The City understands that Tribes are sovereign Nations and should have the first voice in acknowledging their historical and contemporary presence on this land. If your Tribe would like to see changes, please reach out to us for comments.
Early Chicago
Chicago’s first permanent non-indigenous resident was a trader named Jean Baptiste Point du Sable, a free black man from Haiti whose father was a French sailor and whose mother as an African slave, he came here in the 1770s via the Mississippi River from New Orleans with his Native American wife, and their home stood at the mouth of the Chicago River. In 1803, the U.S. government-built Fort Dearborn at what is now the corner of Michigan Avenue and Wacker Drive (look for the bronze markers in the pavement). It was destroyed in 1812 following the Battle of Fort Dearborn, rebuilt in 1816, and permanently demolished in 1857.
A Trading Center
Incorporated as a city in 1837, Chicago was ideally situated to take advantage of the trading possibilities created by the nation’s westward expansion. The completion of the Illinois & Michigan Canal in 1848 created a water link between the Great Lakes and the Mississippi River, but the canal was soon rendered obsolete by railroads. Today, 50 percent of U.S. rail freight continues to pass through Chicago, even as the city has become the nation’s busiest aviation center, thanks to O’Hare and Midway International airports.
The Great Fire of 1871
As Chicago grew, its residents took heroic measures to keep pace. In the 1850s, they raised many of the streets five to eight feet to install a sewer system – and then raised the buildings, as well.

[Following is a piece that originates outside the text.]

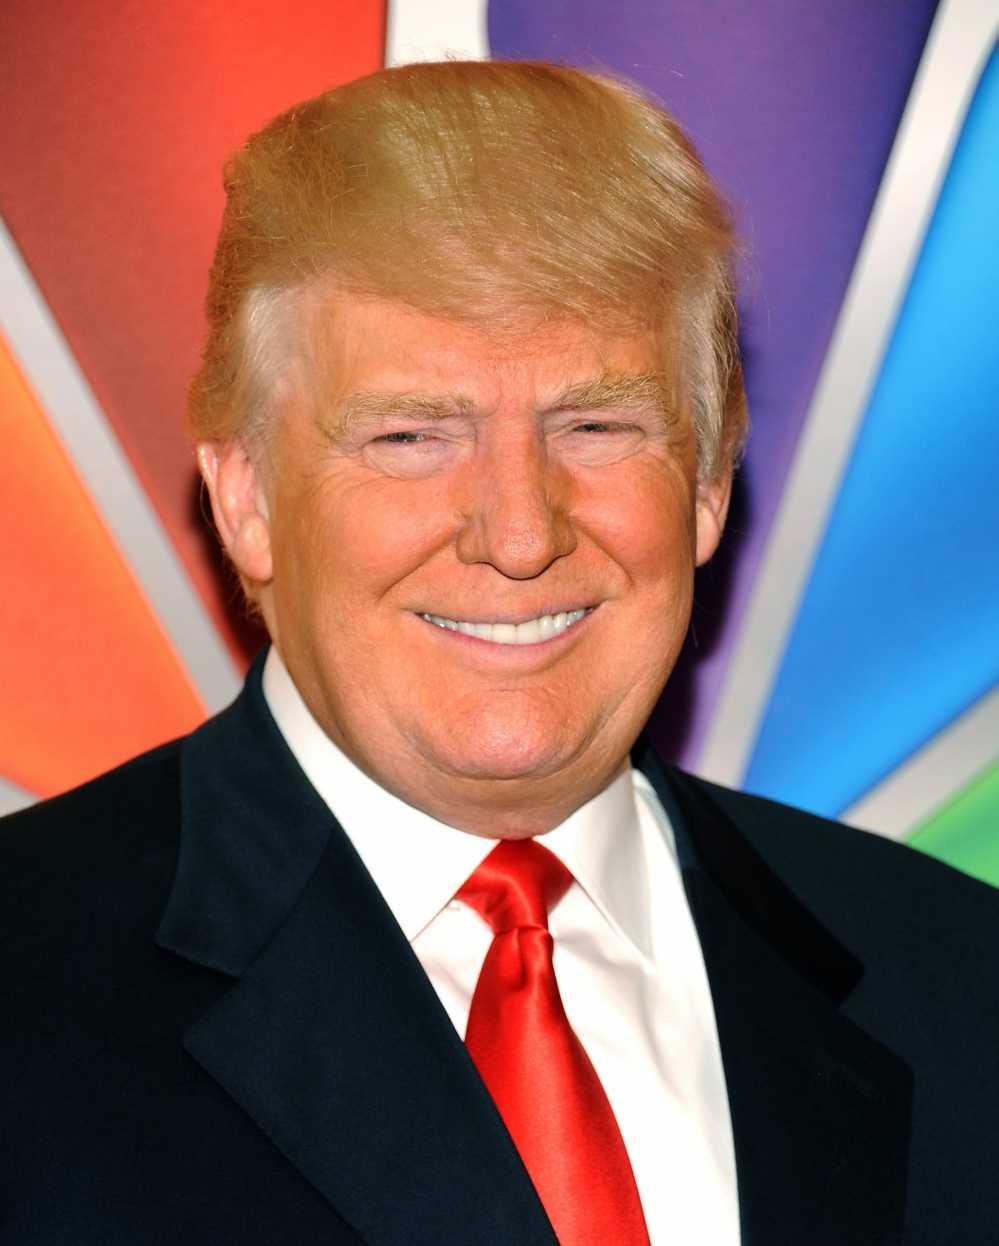 Vi sao da cua Donald Trump lai co mau cam? hinh anh 1
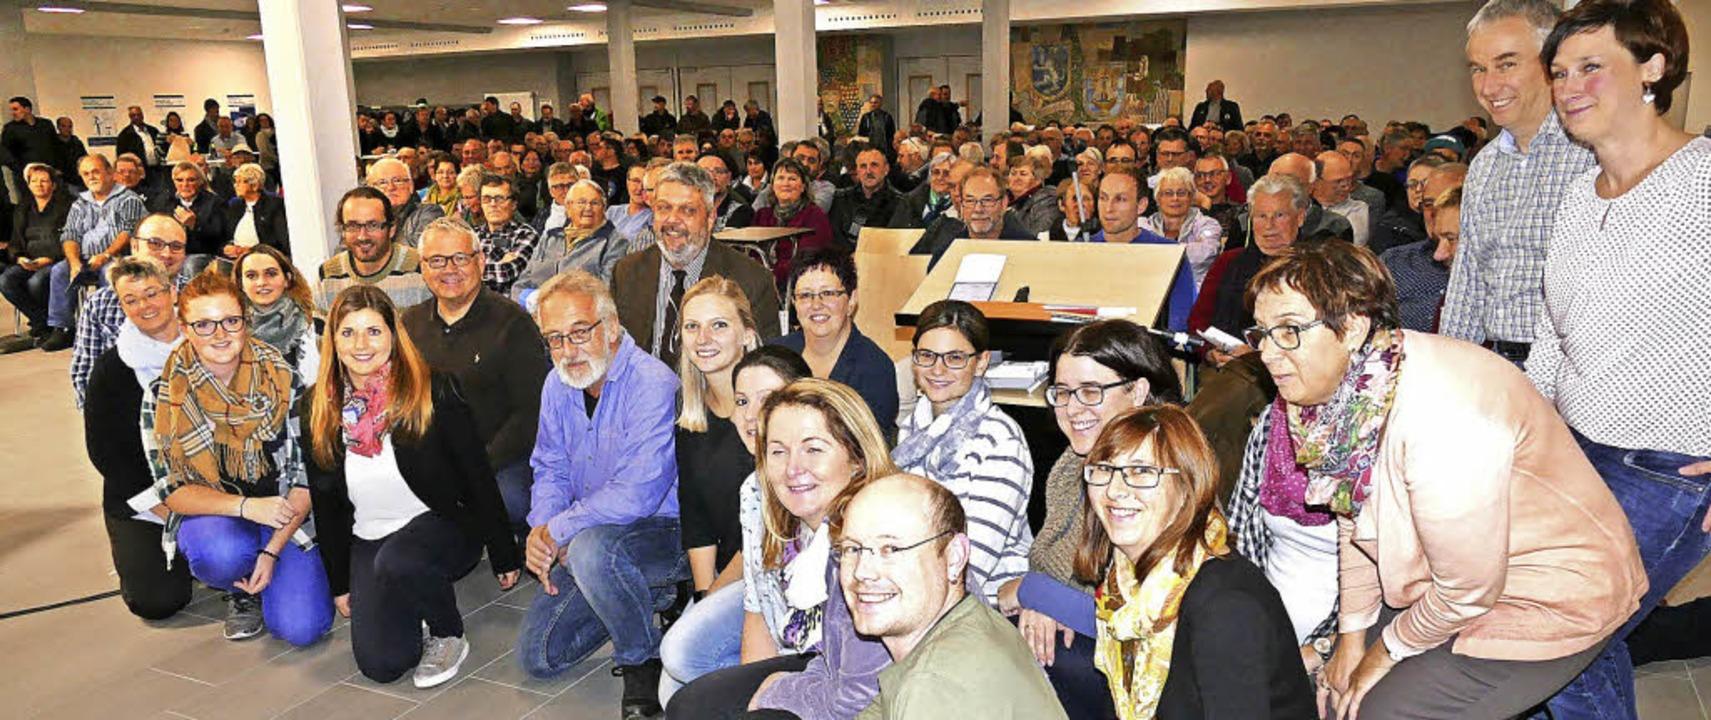 Rund 300 interessierte Bürgerinnen und...steam (im Vordergrund) zur Verfügung.   | Foto: Juliane Kühnemund

Unfortunately, the buildings, streets and sidewalks were made of wood, and most of them burned to the ground in the Great Chicago Fire of 1871. The Chicago Fire Department training academy at 558 W. DeKoven St. is on the site of the O’Leary property where the fire began. The Chicago Water Tower and Pumping Station at Michigan and Chicago avenues are among the few buildings to have survived the fire.
“The White City”
Chicago rebuilt quickly. Much of the debris was dumped into Lake Michigan as landfill, forming the underpinnings for what is now Grant Park, Millennium Park and the Art Institute of Chicago. Only 22 years later, Chicago celebrated its comeback by holding the World’s Columbian Exposition of 1893, with its memorable “White City.” One of the Exposition buildings was rebuilt to become the Museum of Science and Industry. Chicago refused to be discouraged even by the Great Depression. In 1933 and 1934, the city held an equally successful Century of Progress Exposition on Northerly Island.